INFORMATION GIVEN
********************

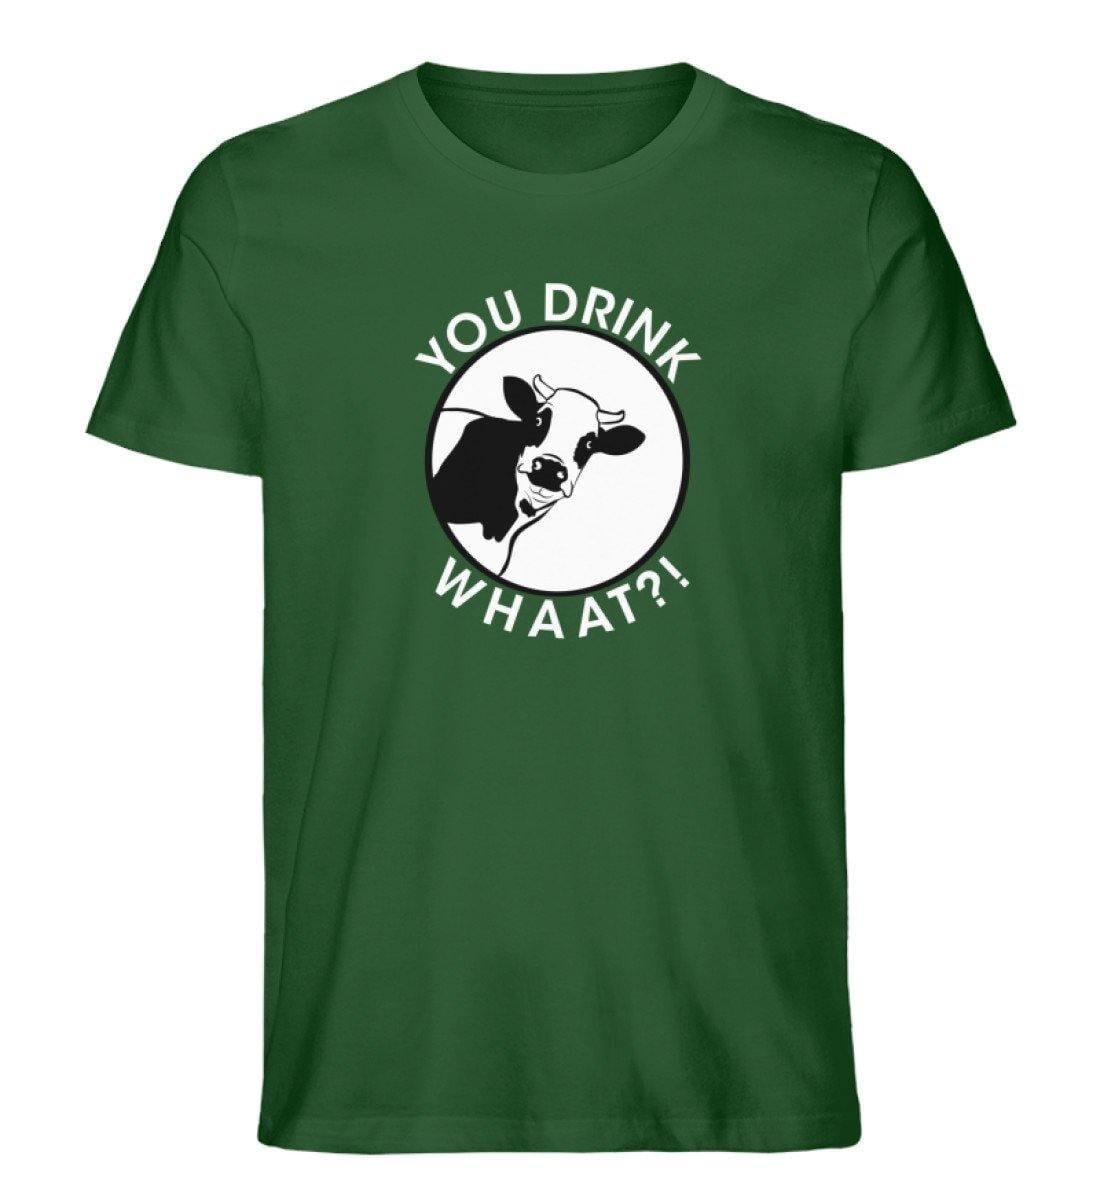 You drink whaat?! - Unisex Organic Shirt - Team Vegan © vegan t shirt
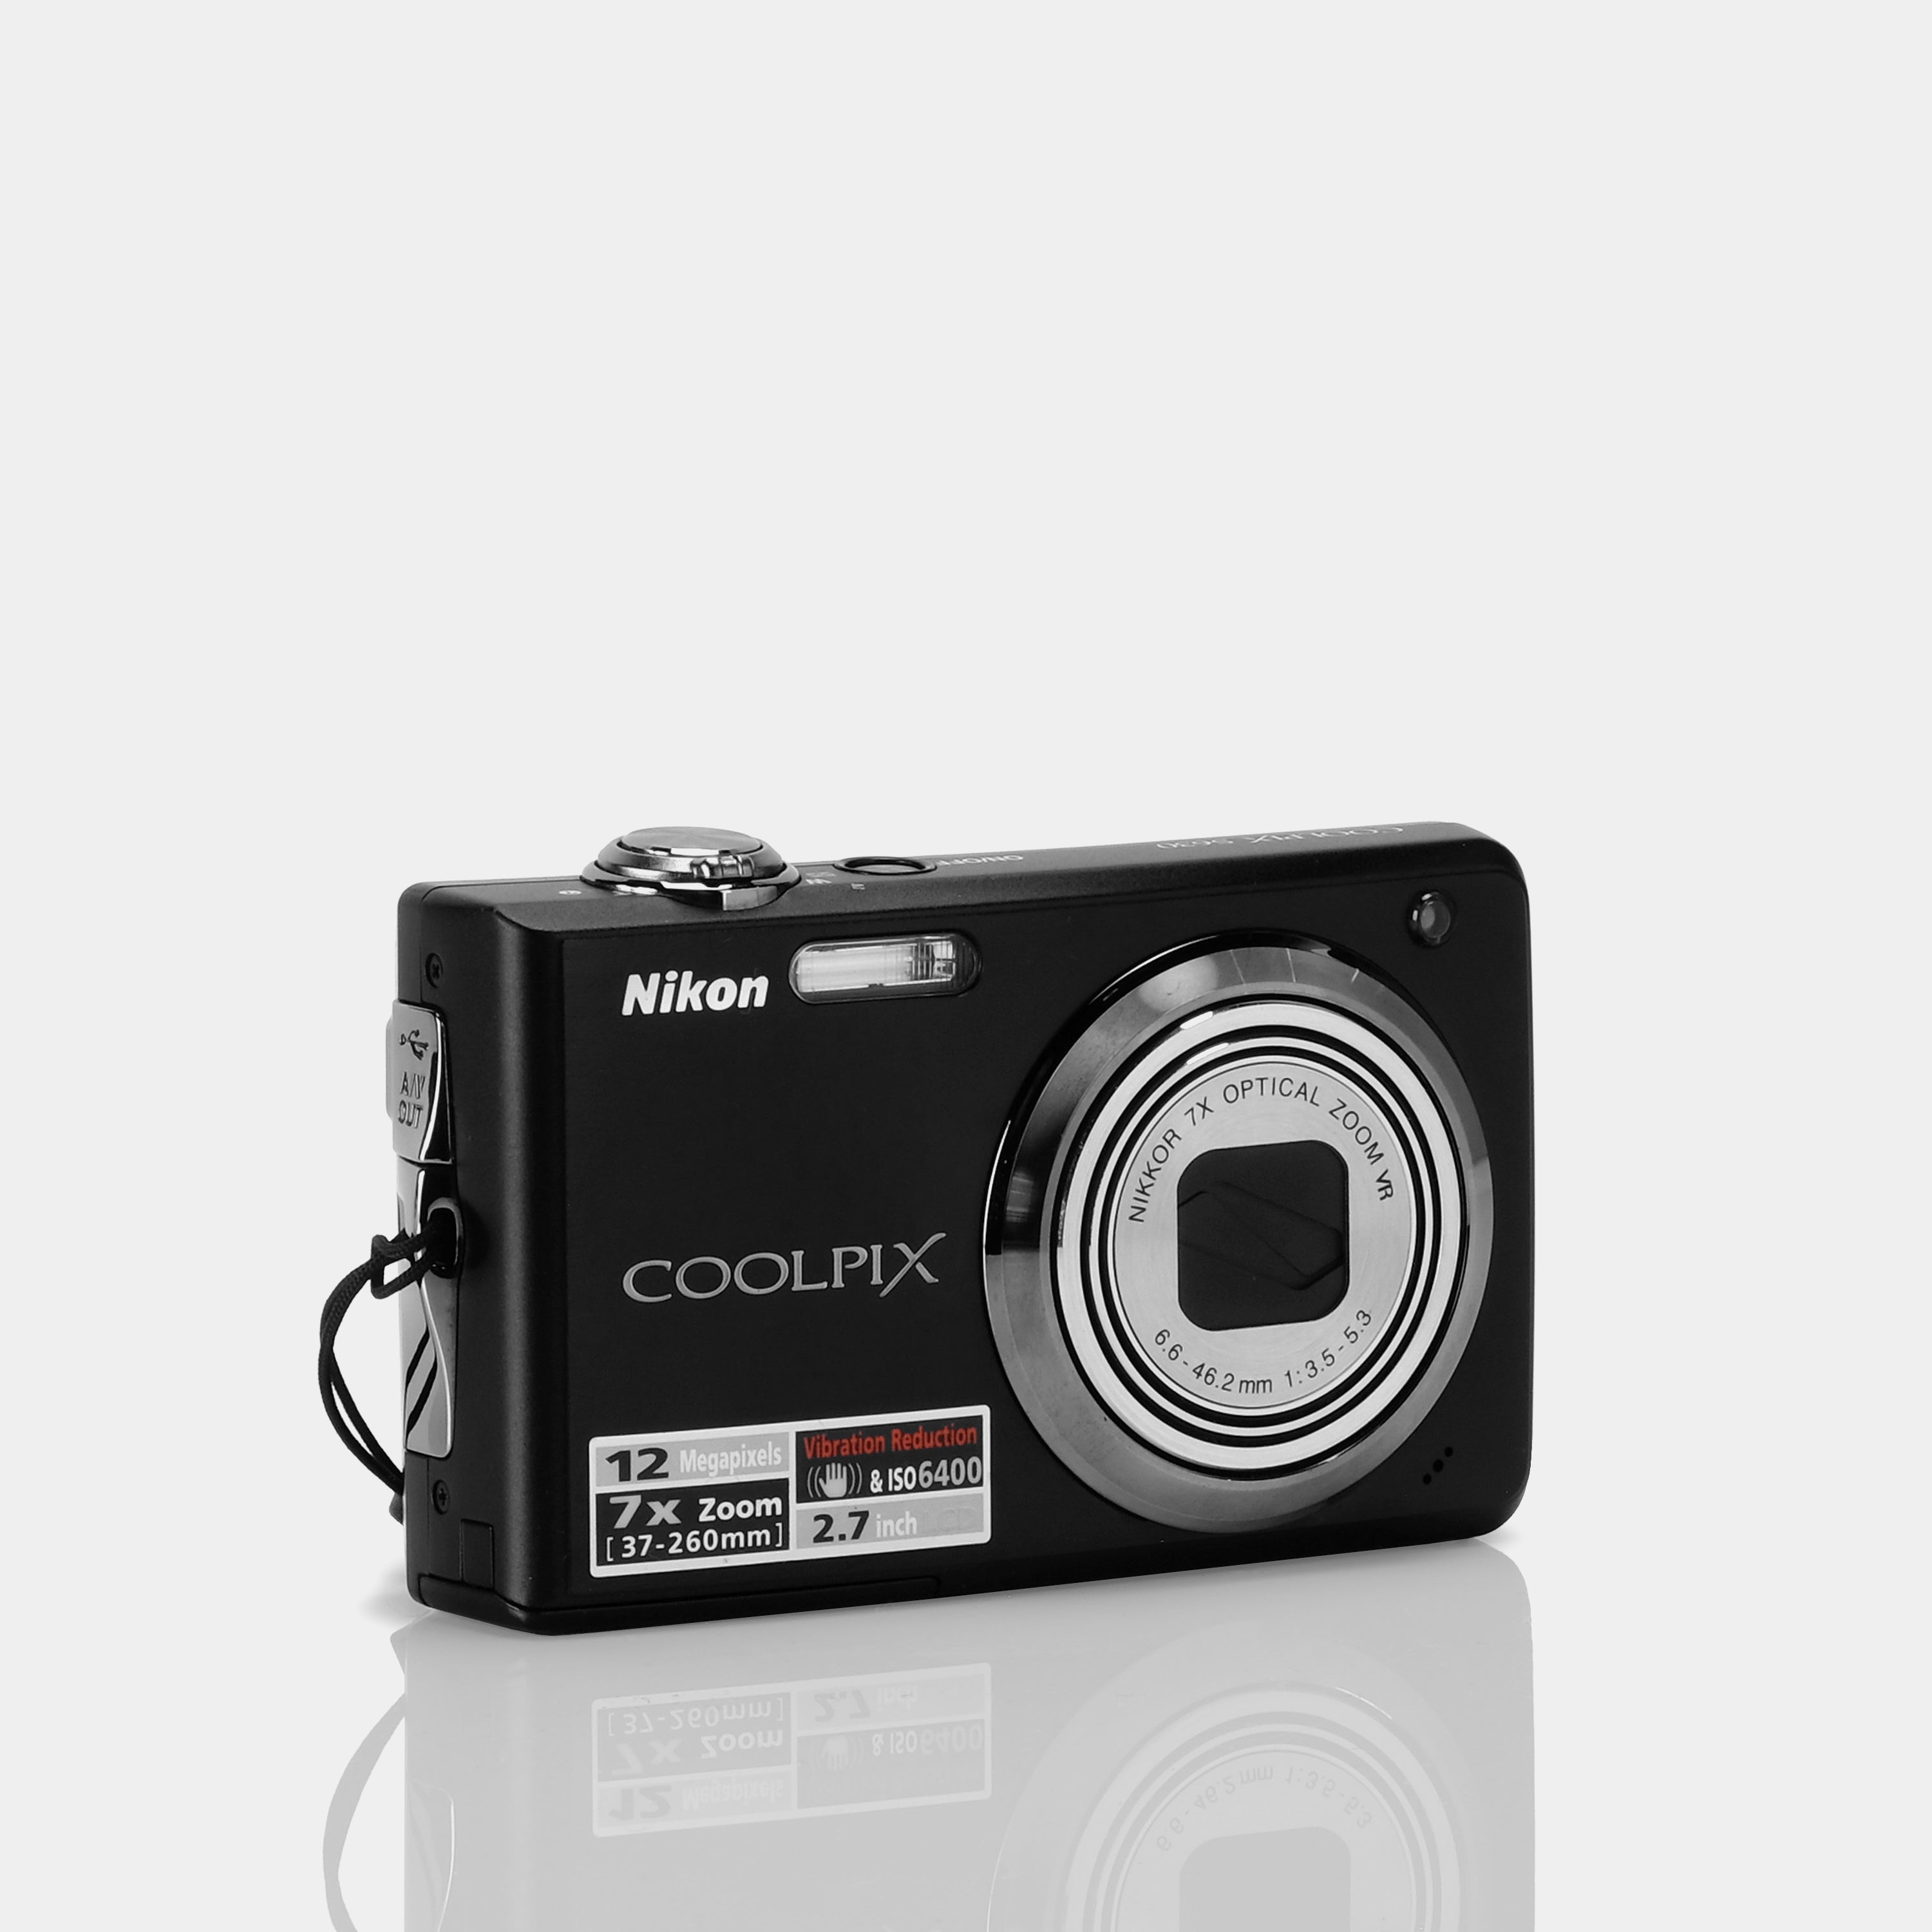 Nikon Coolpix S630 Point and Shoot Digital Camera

********************

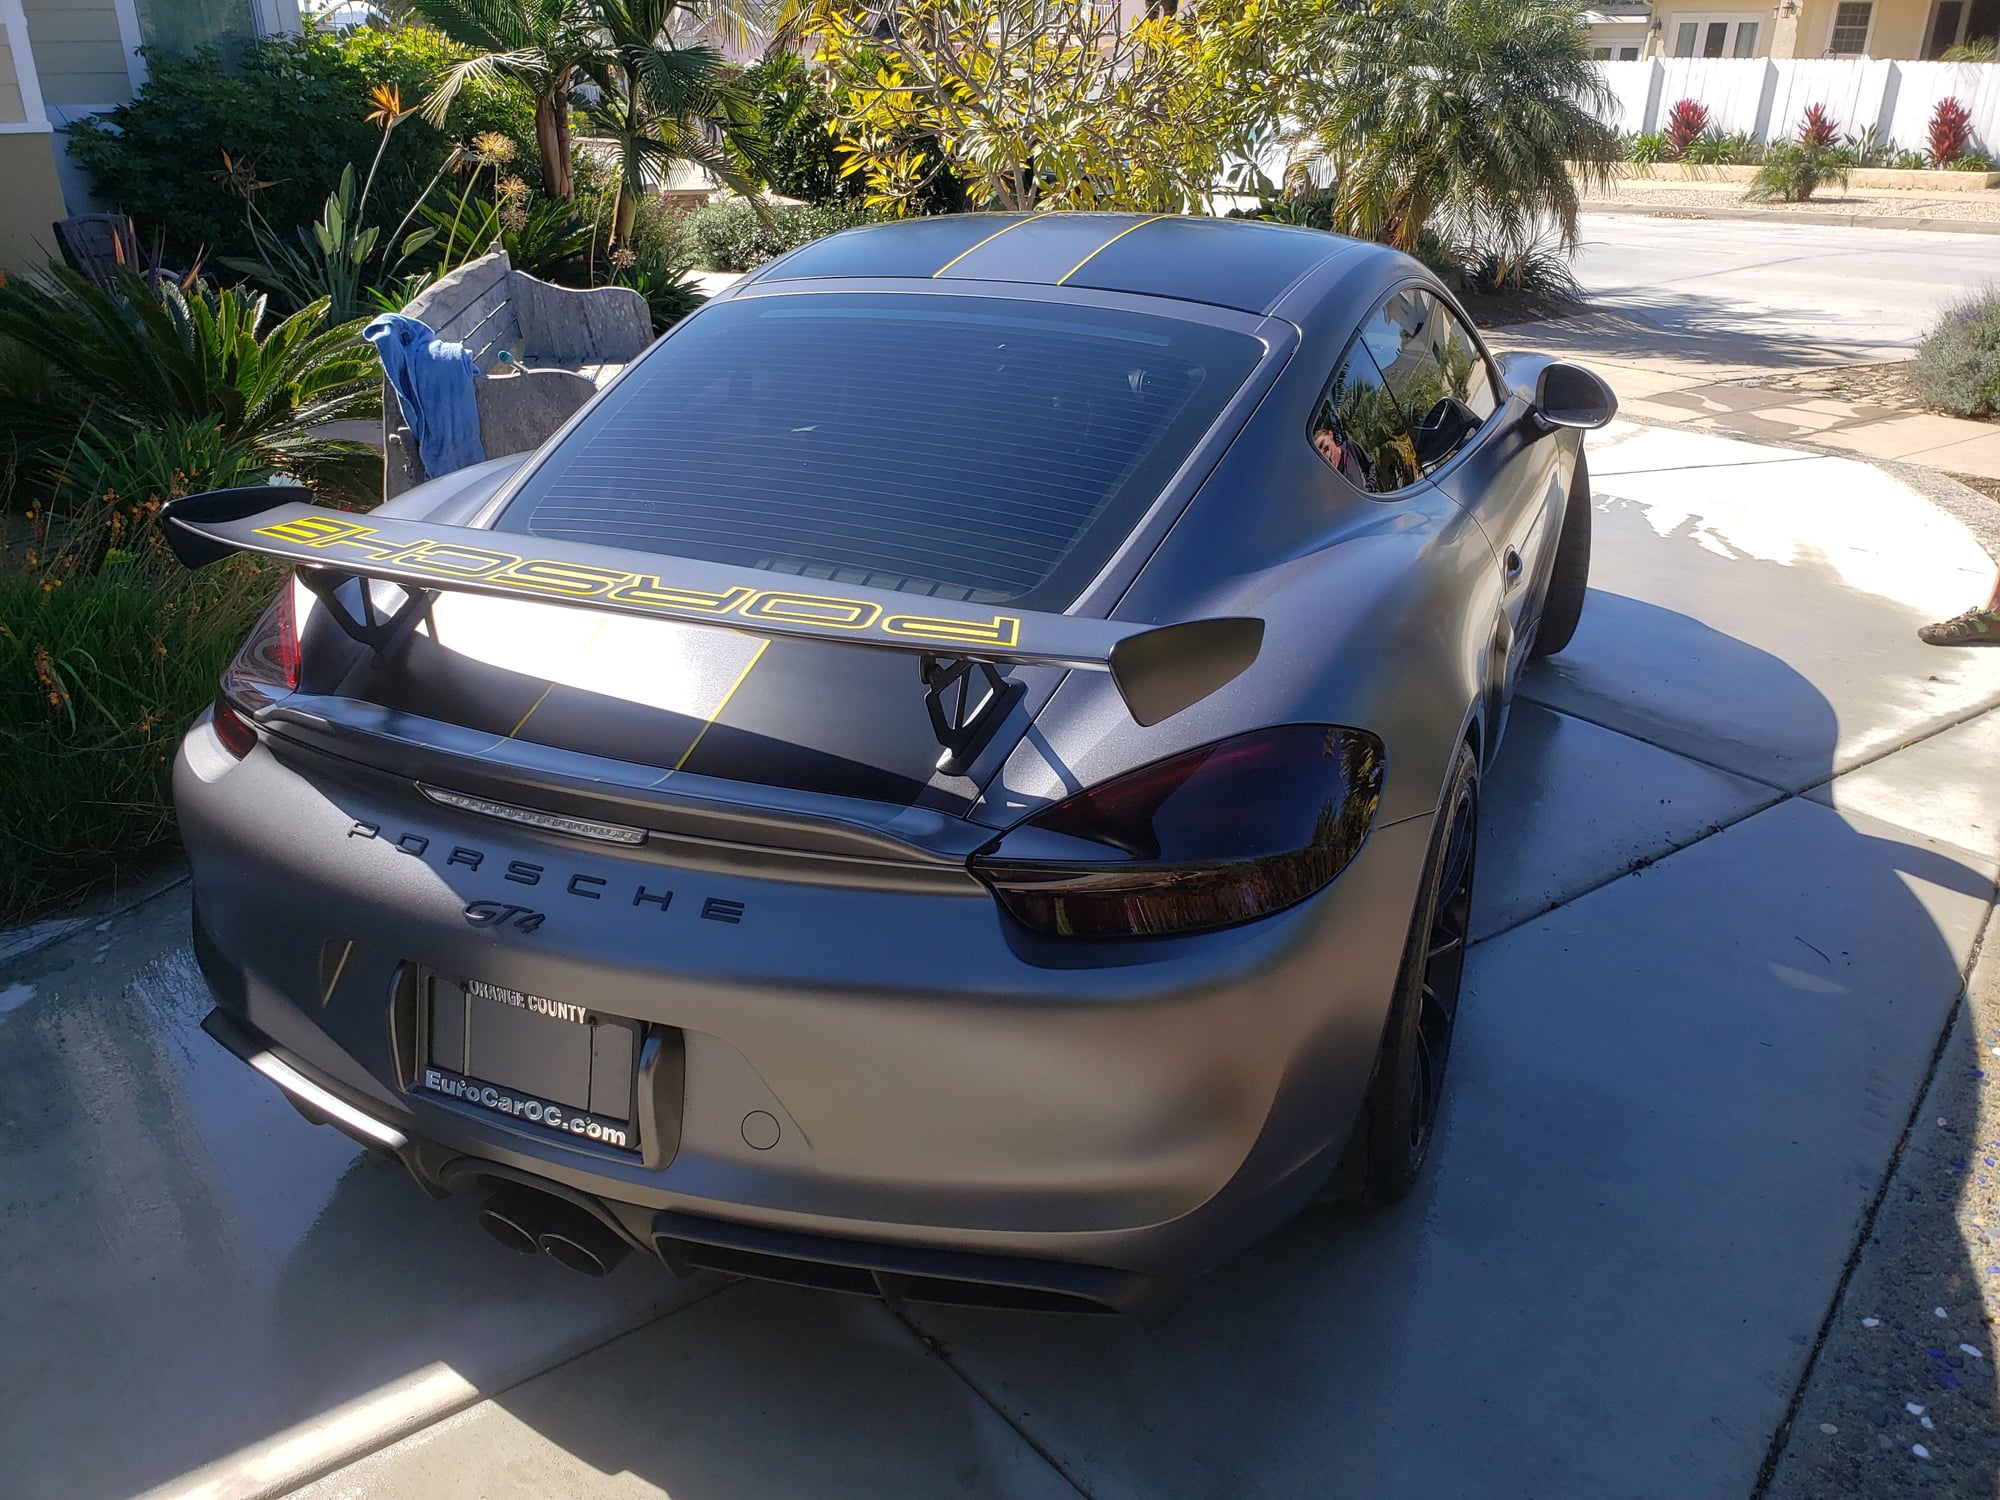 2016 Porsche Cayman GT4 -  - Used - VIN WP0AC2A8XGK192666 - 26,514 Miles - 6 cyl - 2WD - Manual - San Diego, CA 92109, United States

********************

WORK TO BE COMPLETED
Using the records above, print exactly the run of lines that starts with the line with "You drink whaat?!" and goes on through the line with "Nikon Coolpix S630", pictures excluded.

RESULT OF THE TASK
 You drink whaat?! - Unisex Organic Shirt - Team Vegan © vegan t shirt
 Nikon Coolpix S630 Point and Shoot Digital Camera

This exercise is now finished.